Dun Karm Psaila grew up in an era of Italian Romanticism which was amply portrayed in his writings. Although he was a learned man, he sought to lead a simple life, often seeking solitude as his poetic muse.
That era now seems discordantly distant from today's world, which appears to have little time for Dun Karm's brand of romanticism. On Saturday, the 137th anniversary since the national poet's birth was commemorated, but is the national poet still relevant in today's Malta?
Maltese literature academic and writer Oliver Friggieri, who has published 11 books and numerous articles on the poet believes so. Dun Karm is one of the very few people who has managed to mould the Maltese people's way of thinking, he says.
"The simplicity of his verse has grown into an expression of what the complexity of contemporary life makes people yearn for," he says of the poet who was born on October 18, 1871.
His younger colleague, Adrian Grima agrees on this point: "Many probably find Dun Karm's clear and unambiguous vision both easy to understand as well as reassuring, because he identifies the Maltese identity with being (staunchly) Catholic, conservative, rather inward looking, Maltese-speaking, embracing of rural life and rejecting the 'impurities' of the city where people of different cultures and sets of values meet."
However, the academics differ when asked whether Malta's national anthem is still relevant today. Dr Grima feels Dun Karm's Innu Malti is a product of its time, and must not be read uncritically or with a closed mind.

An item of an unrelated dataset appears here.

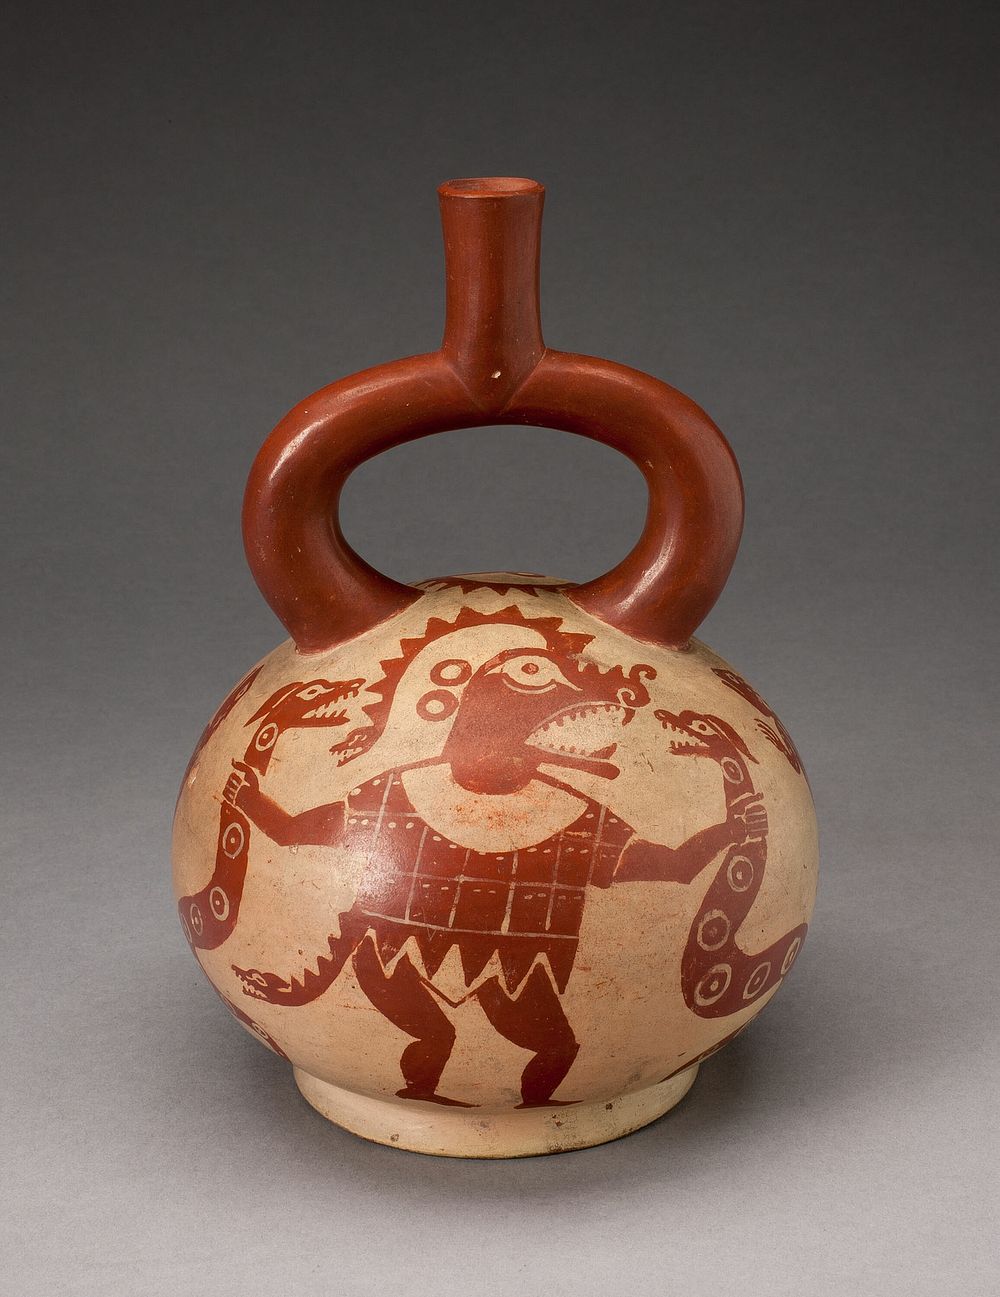 Ritual Vessel Depicting a Masked Deity with Serpents by Moche

The challenge is to read the works of Dun Karm, as well as those of other poets, with the sensibilities of the 21st century.
Prof. Friggieri, on the other hand, feels that "a national anthem gains weight and significance as it gets older, by means of (its) growing connotation." The Maltese anthem is luckily old enough to bear an international comparison and it "has long withstood the test of time".
According to Prof. Friggieri, Dun Karm is primarily a poet resembling man as voyager in search of significance and justification. In this respect, he is a national poet of a much more relevant dimension, because he is looking for a patria which is not restricted by the confines of a specific time and place.
Although Dr Grima agrees that many still see Dun Karm as a symbol of national identity, he feels this is probably because his conservative vision of the world seems authentic to schools, the Church, politicians and also in popular literature and song.
Dun Karm created a neat worldview, which people continue to identify with even though they might acknowledge that it may be passé, he said.
Nevertheless, he influenced both the romantic poets of his time and the post-independence poets who reacted fiercely against his "literary authority".
Although the writers of the 1960s revolutionised Maltese poetry and literature in general, some teachers, Church people and politicians still find their literature unsettling and somewhat "revolutionary", and therefore resort to more reassuring models.
And the writers of the new generation are even further removed from the puritan romantic worldview of Dun Karm.
On the other hand, Prof. Friggieri feels the influence Dun Karm exerted on the literary activity of his times is perhaps only a part of the spiritual legacy he left behind.
The National Feast Committee last week decorated the monument dedicated to Dun Karm Psaila in Floriana to mark his birth on October 18. This was followed by a number of activities led by students from different schools.